Delly Beekman, the incoming president of The Association of Junior Leagues International Inc., recently called the civic leaders among us to action in a guest post. It got me to thinking of the work of civic leaders who have inspired me, in particular the women I have researched for Forbes’ Most Powerful Women in the World list. There are two names that may one day be added to the list depending on how they fare in 2010 elections. I may not share their politics but I am impressed by both.

Margaret (Meg) Whitman is the billionaire business mogul who built Ebay and is now worth $1.3 billion; she cochaired John McCain’s stunted presidential run and hasn’t looked back. She may spend up to $150 million to become cash-strapped California’s new chief in November (even more than Michael Bloomberg spent on winning his third term as New York City mayor). Those millions seem well allocated: a recent poll by the Public Policy Institute of California indicated Whitman has a lead over likely competitors (she still has to win her Republican primary in June).
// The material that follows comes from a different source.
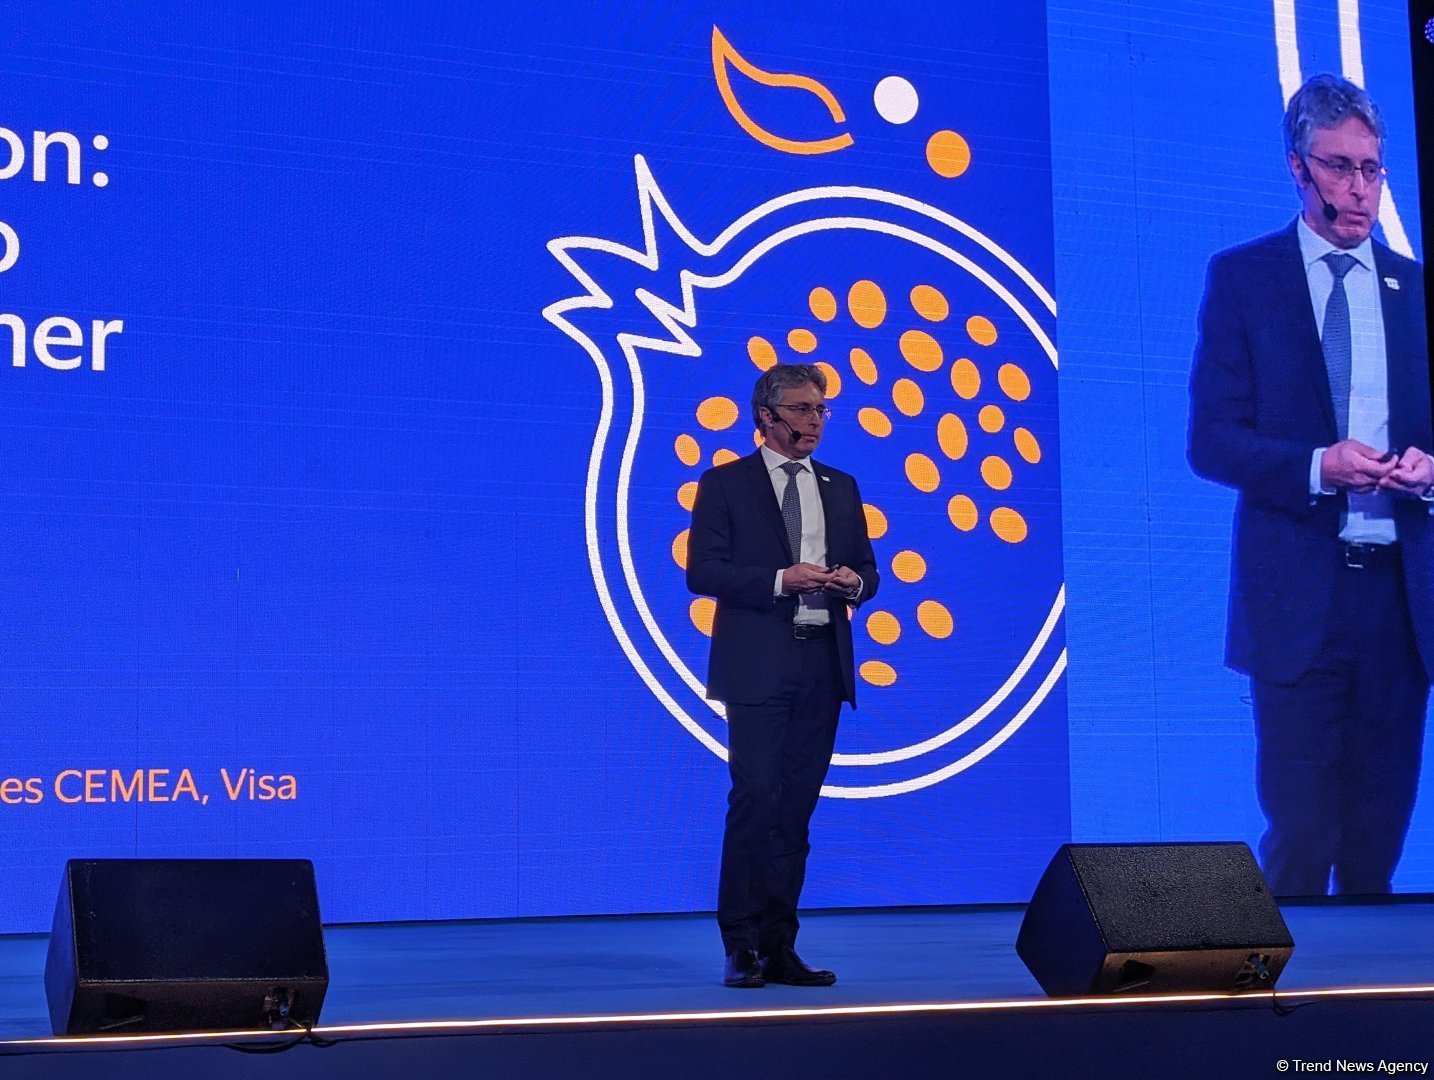 Digital payments account for more than half of Visa's payments in CEMEA region - senior vice president

Another fellow California tech mogul and McCain supporter, Carleton S. “Carly” Fiorina, is running for U.S. Senate. Fiorina is perhaps better armed for the challenge. The former chief of Hewlett-Packard orchestrated the $19 billion merger of H-P and Compaq against fierce opposition from the H-P founders’ families, led principally by Walter Hewlett, son of H-P founder Bill Hewlett. She is facing similar catcalls in her Senate race, but is aggressively moving forward and recently made headway in the polls. She is also putting out controversial attack ads.(Demon Sheep Ad)

Back in 2003, I wrote a book review of two books about Fiorina stating “she is clearly poised to make history.” I should have said she continues to make history.